Plavix® (clopidogrel bisulfate, Bristol-Myers Squibb/Sanofi Pharmaceuticals) is an antiplatelet drug indicated for prevention of atherosclerotic events. It is indicated for use with patients who have had a recent stroke or MI, or for patients with peripheral artery disease.

In a large study called CAPRIE, a randomized, blinded trial of clopidogrel vs. aspirin in patients at risk of ischemic events, Plavix was compared to aspirin for effectiveness and safety in reducing atherosclerotic events. It was found to be modestly superior to aspirin, with less risk of gastrointestinal bleeding or intracranial hemorrhage.1 The outcomes specifically studied were ischemic stroke, MI and other vascular deaths.

The CURE trial—clopidogrel in unstable angina to prevent recurring events—was derived from the CAPRIE study and patients were randomized into two groups: one given Plavix and aspirin, the other aspirin alone. The patients who were on both medications achieved a 20 percent reduction in recurrent cardiovascular events, which is a larger reduction than being on Plavix alone.2 These findings are preliminary.

How the Drug Works
Plavix works by inhibiting ADP-induced platelet aggregation. This effect is irreversible and so the platelet remains "less sticky" for the remainder of its life. Dosed at 75 mg once daily, changes in platelet aggregation are measurable 2 hours after the first dose, with the body reaching a steady state between the third and seventh day of treatment. Conversely, discontinuation of therapy results in normal platelet aggregation returning after about 5 days.

This medicine can be taken without regard to food and is metabolized extensively through the liver. It is one of the lesser metabolites that exerts the antiplatelet activity. The metabolites are excreted almost evenly between the renal and fecal routes. Plavix is highly protein bound. No dosage adjustments were found to be necessary in the geriatric population, those who are renally impaired or according to gender. It is rated category B in pregnancy, and was not studied in nursing mothers or in children.

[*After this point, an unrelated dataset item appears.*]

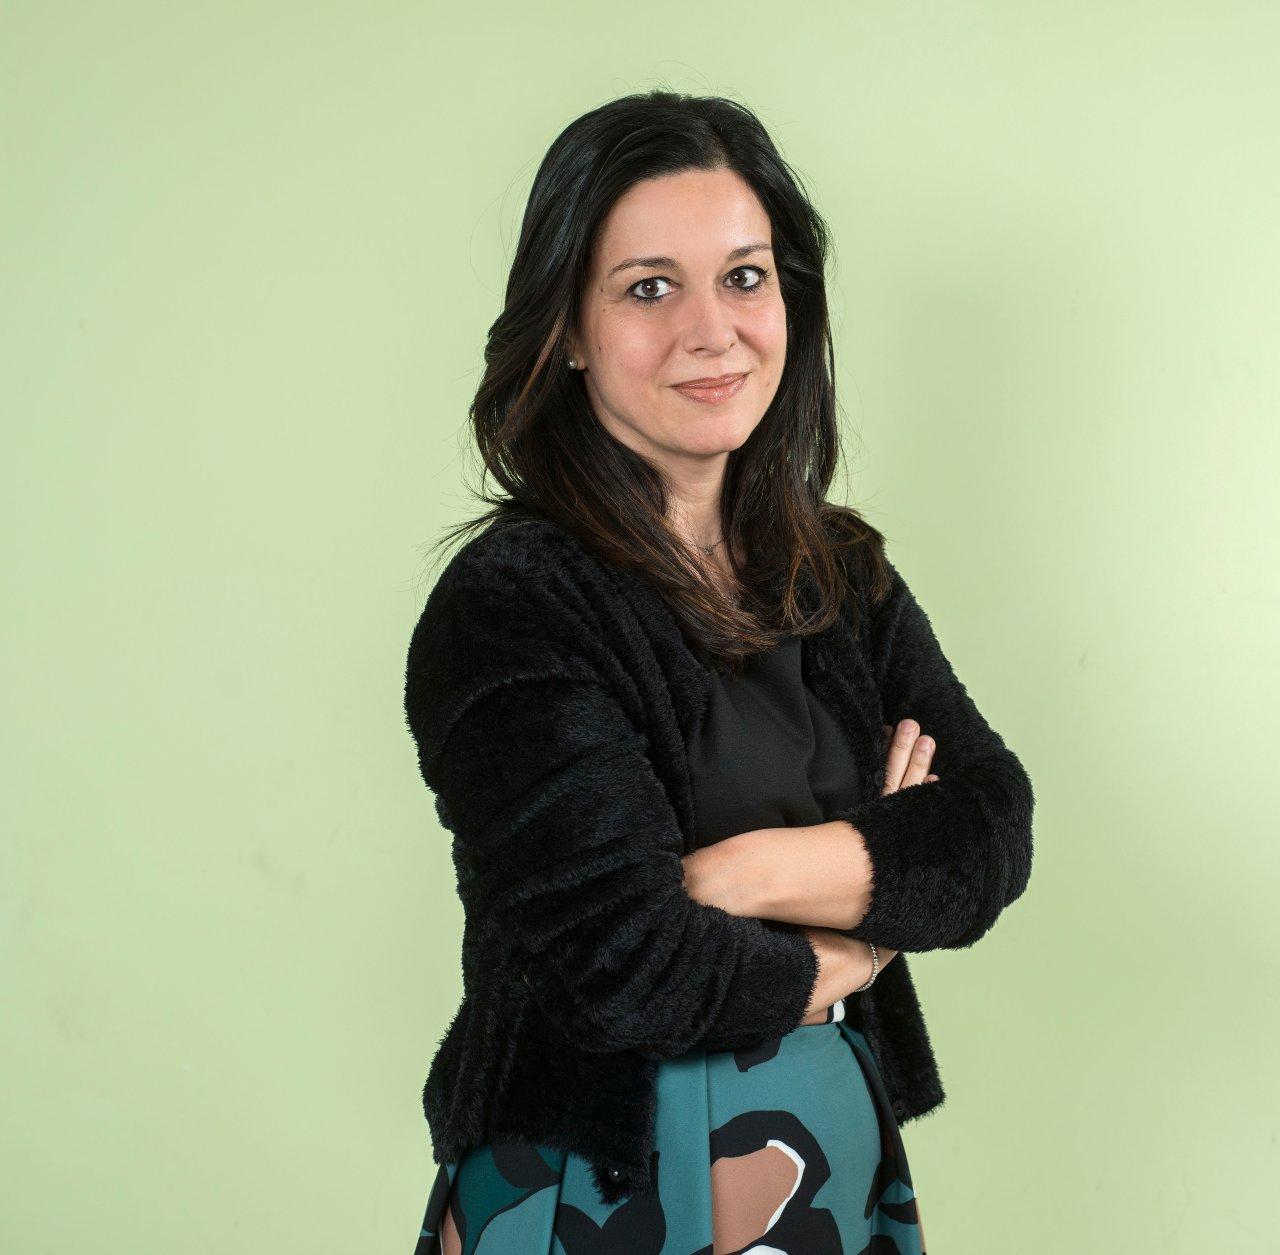 Gabriella Maggioli vicepresidente cooperativa sociale Cento Fiori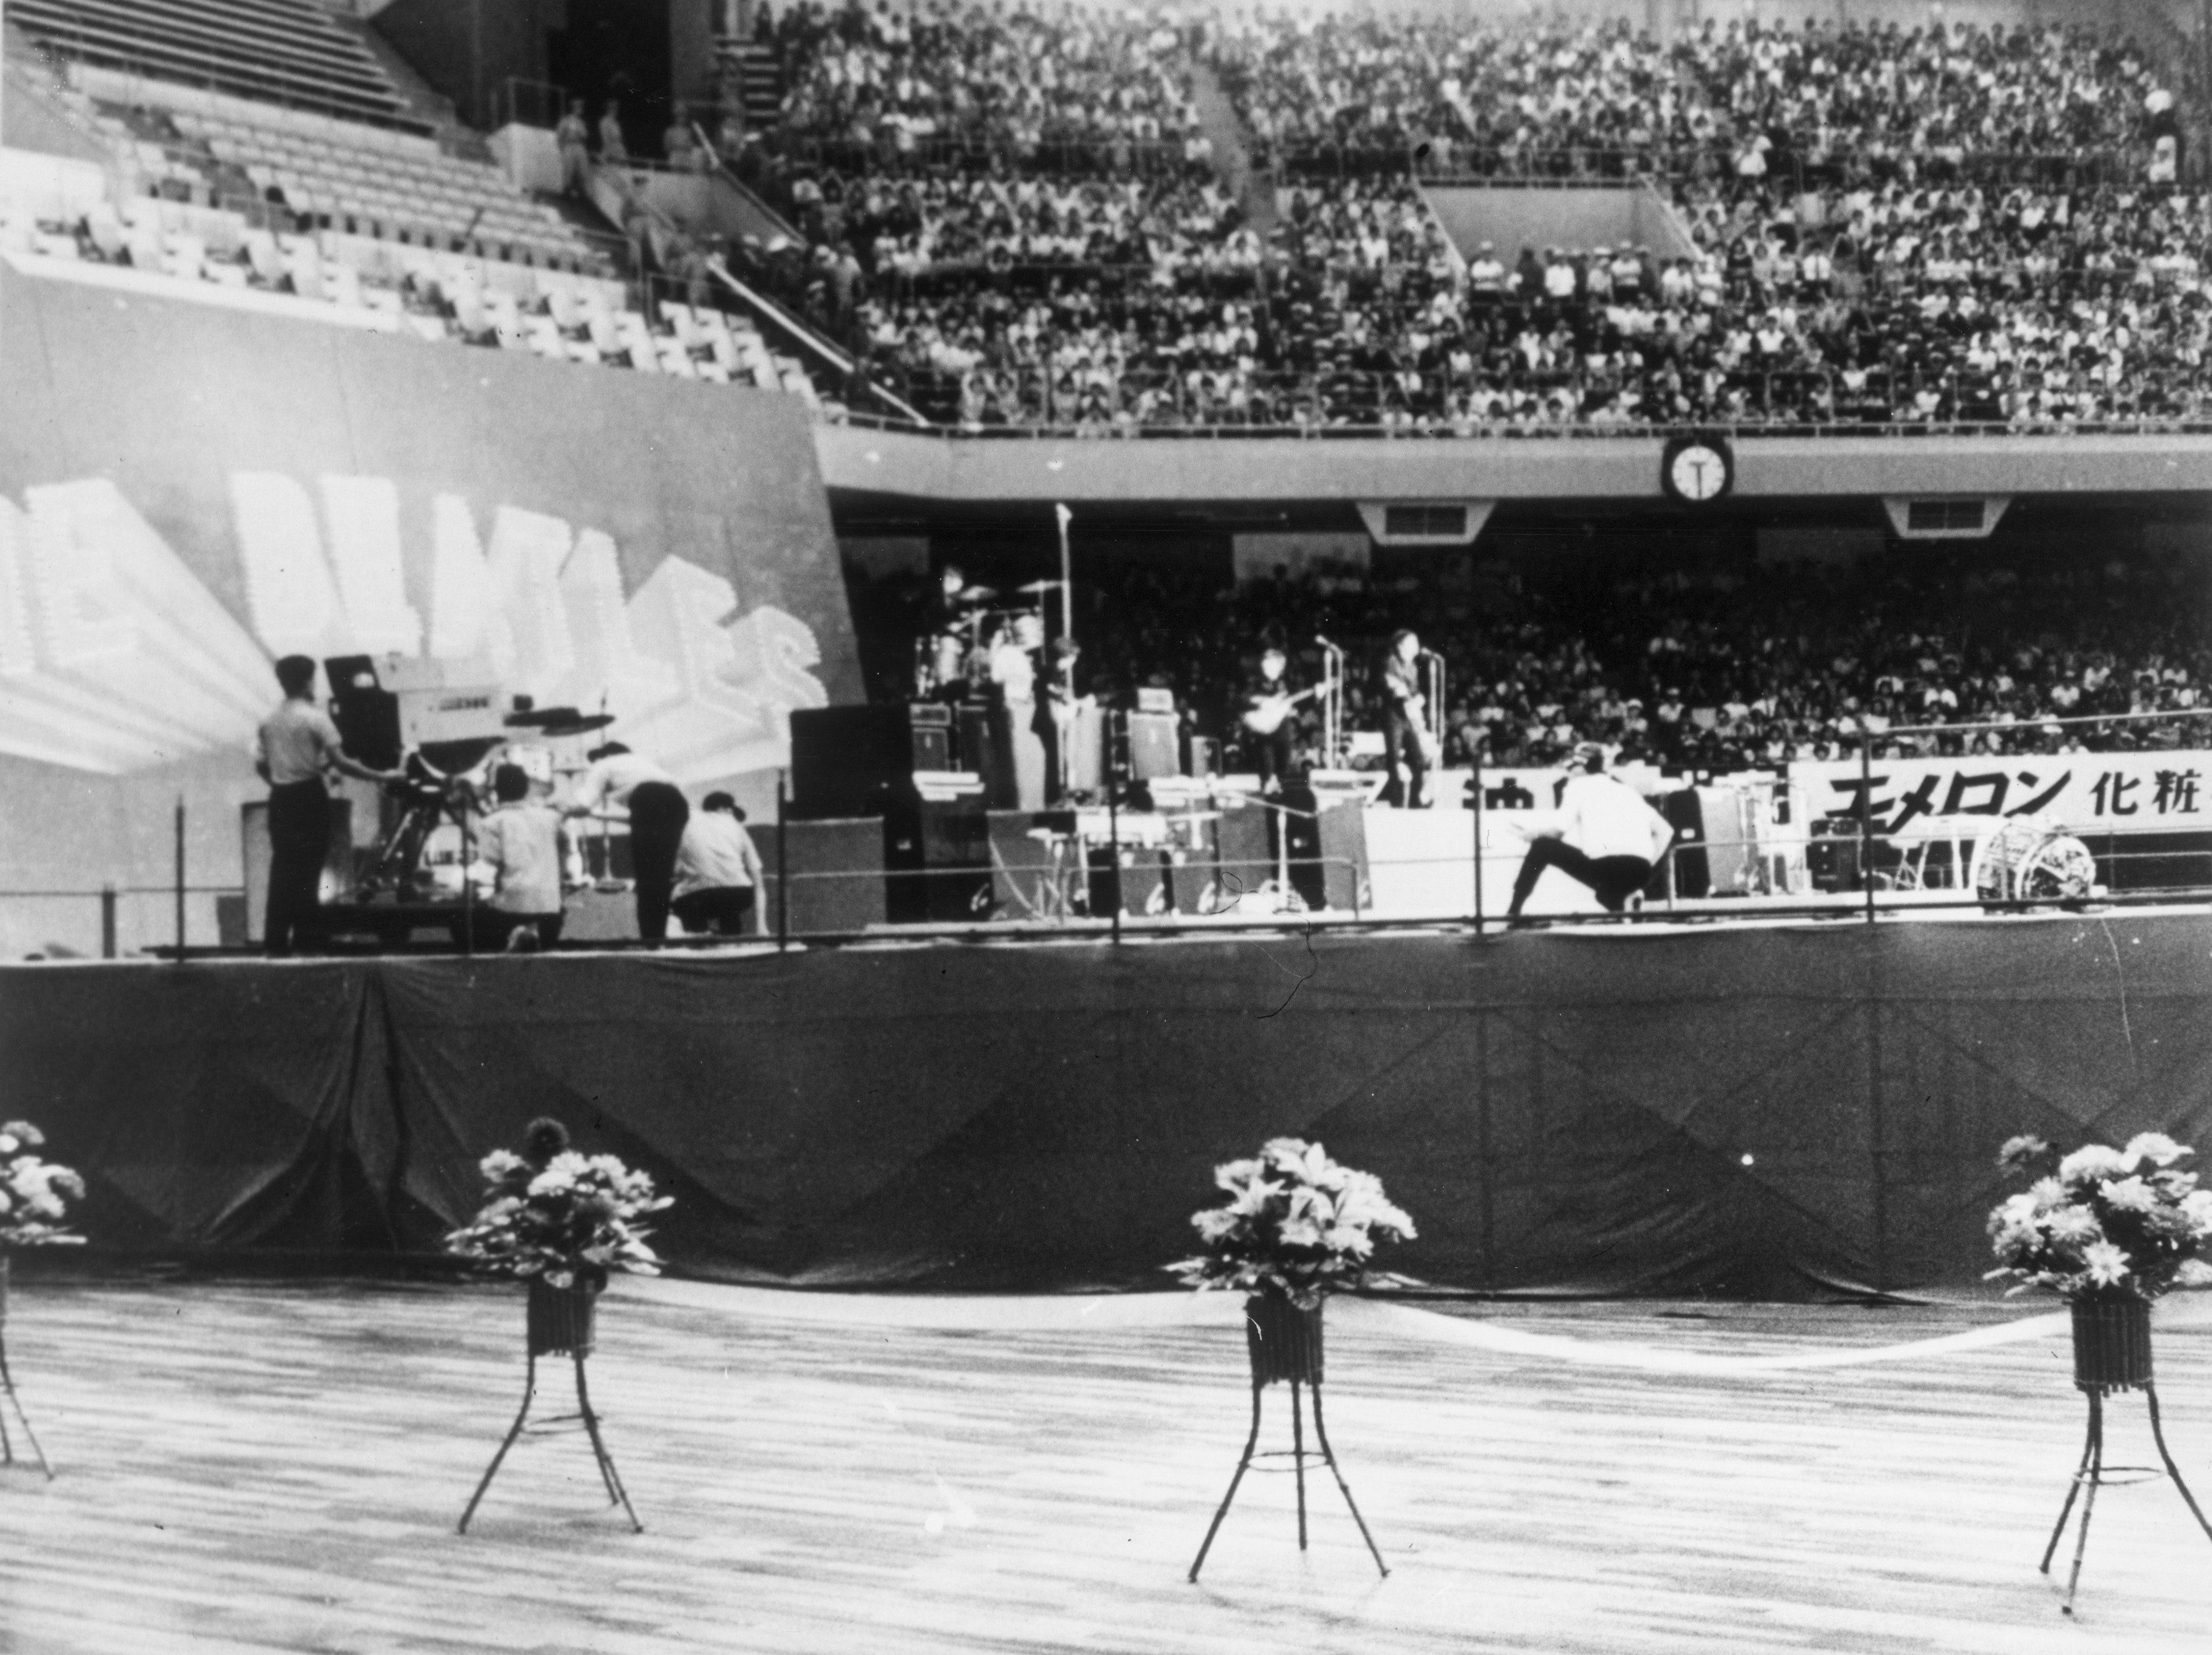 Os Beatles se apresentam no Budokan, no Japão, em 1966

Precautions: Even though Plavix was found to be safer than aspirin, care must be taken with patients at risk for increased bleeding from trauma, surgery or pathological bleeding conditions such as peptic ulcer. If a patient is scheduled for an invasive procedure, Plavix should be discontinued 7 days prior to the procedure. Caution also should be taken with patients who are on a drug that increases the risk of gastrointestinal bleeding. Because Plavix is metabolized in the liver, patients with severe hepatic dysfunction should be closely monitored.

Plavix is contraindicated in patients who have a hypersensitivity to the drug or who have an active pathological bleed such as a peptic ulcer or intracranial hemorrhage.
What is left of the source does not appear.